老健は性格が違います。在宅復帰を目指す施設なので、状態が安定すると退所の相談があるのが本来の姿です。これは「追い出し」ではなく制度の建て付けで、次の行き先を施設の相談員と一緒に組みます。

言われたときの対応

退去を求められたときの順番

  • その場で承諾しない。理由と根拠(契約書のどの条項か)を書面でもらう
  • 猶予期間と、次の行き先探しへの協力を確認する(協力義務を定めた契約が多い)
  • ケアマネジャー・地域包括支援センターに相談する
  • 納得できなければ、市区町村の介護保険課や、都道府県の有料老人ホーム担当窓口に相談する

契約書に無い理由での退去要求や、極端に短い期限は、そのまま受ける必要はありません。書面を持って外の窓口に相談します。
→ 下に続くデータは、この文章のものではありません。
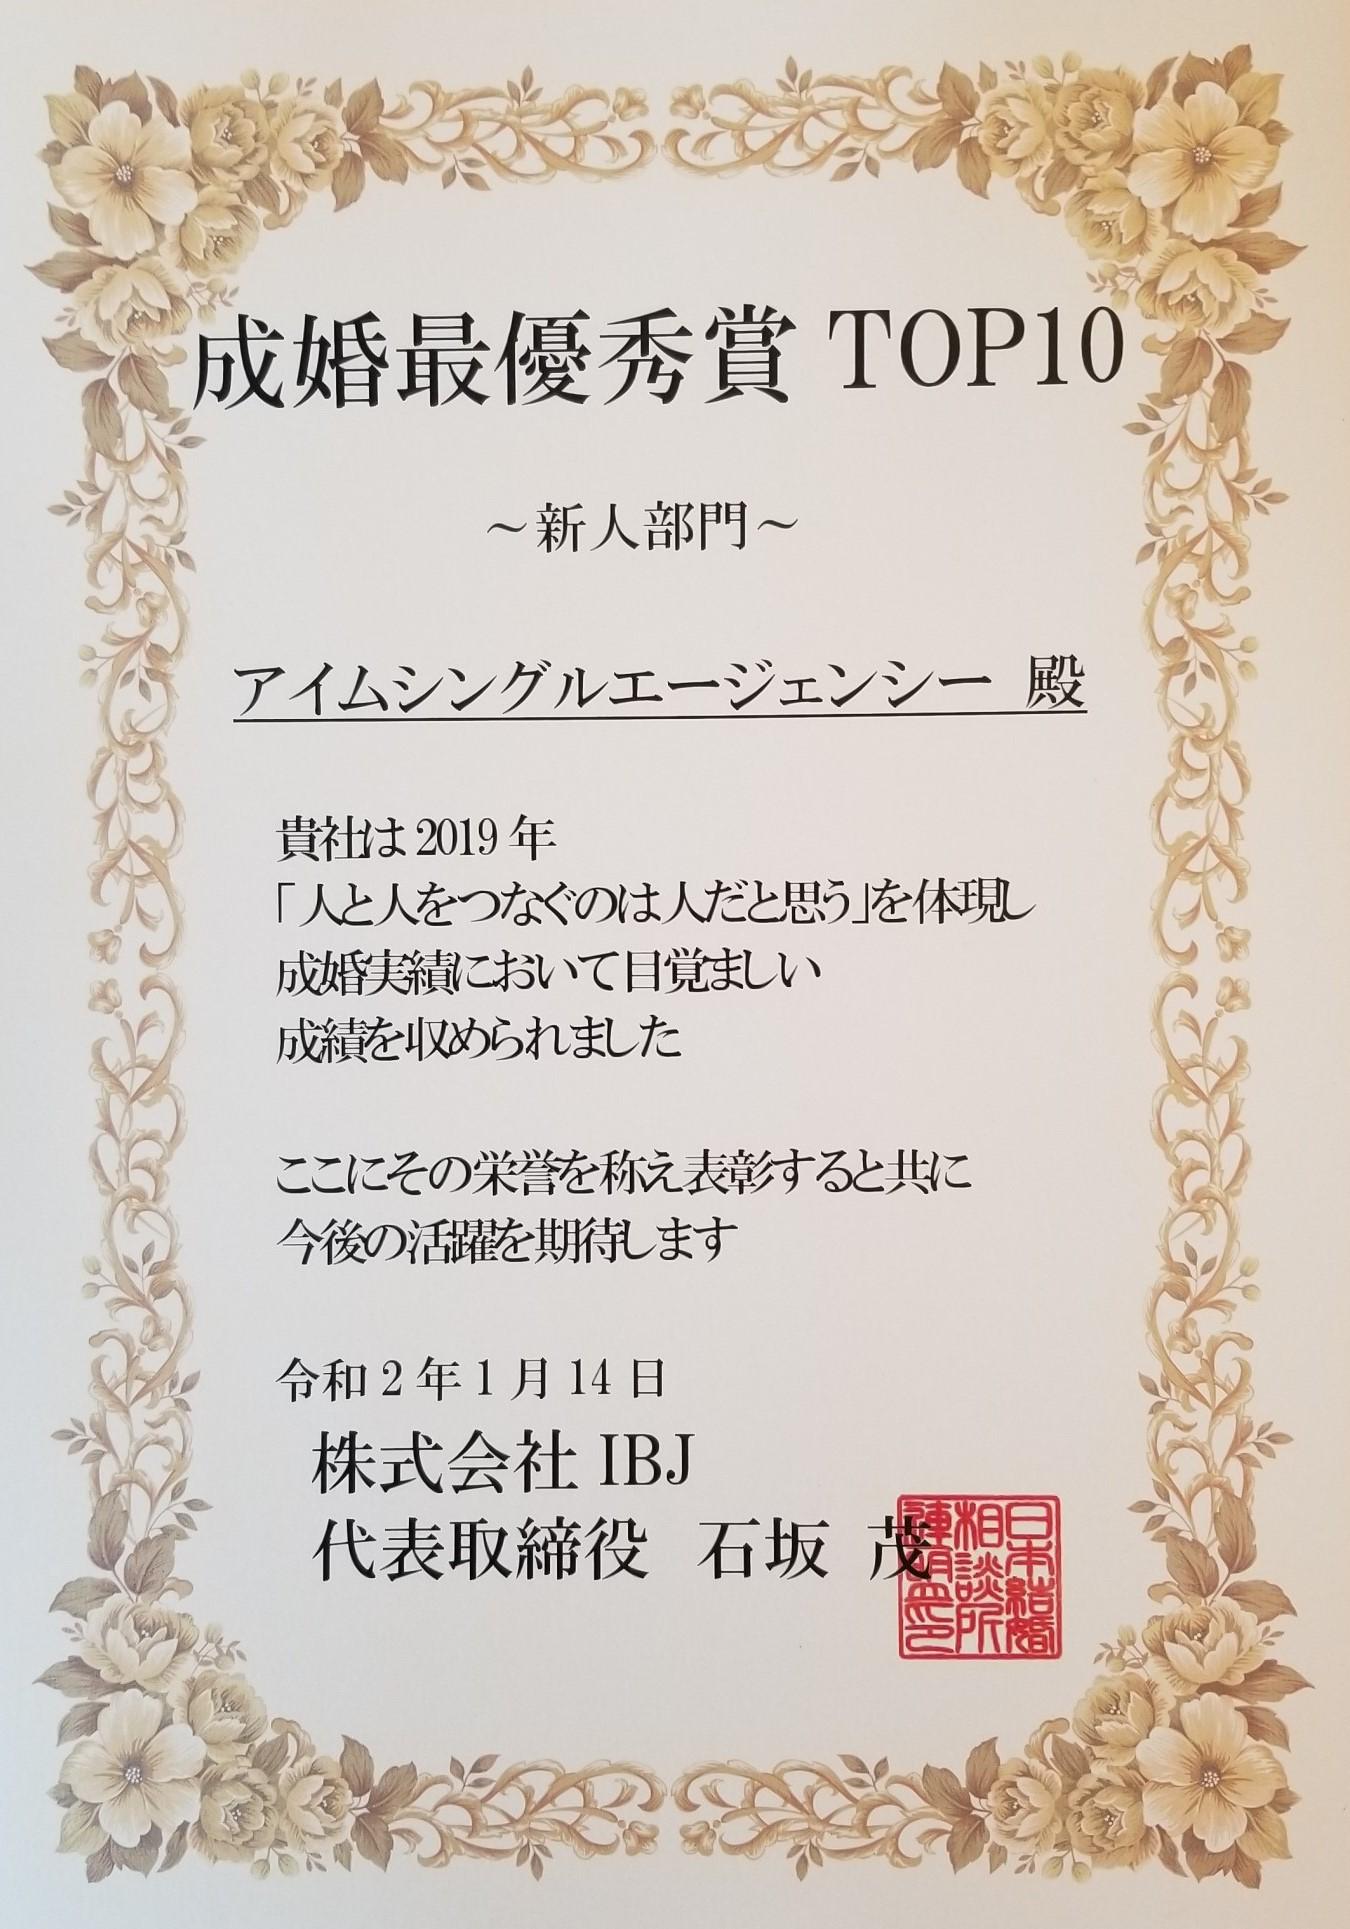 アイムシングルエージェンシーが成婚優秀賞 TOP10

一方で、医療体制の限界による退去は、施設を責めても解決しません。その場合は争うより、対応できる次の場所(療養病床、介護医療院、医療対応の強い施設)へ早く動くほうが本人を守れます。行き先の考え方は退院後の行き先はどう決まる?自宅・転院・施設の分かれ道の記事と同じです。

入居直後なら、90日ルールがある

入居から3か月以内に契約が終わる場合は、前払金から利用分などを差し引いた額が返還されます。申し込みから入居まで。介護施設に入るまでの流れの記事に書いた仕組みです。

「入ってすぐ合わずに退去」でも、前払金の大半は守られます。早い段階の住み替えをためらう理由は、お金の面では小さいです。

まとめ

退去の条件は契約書に書かれていて、多いのは医療対応の限界と長期入院です。入る前に、この2つへの答えを聞いておきます。

言われたら、書面で理由をもらい、外の窓口に相談。医療体制の限界なら、争うより次の場所へ動きます。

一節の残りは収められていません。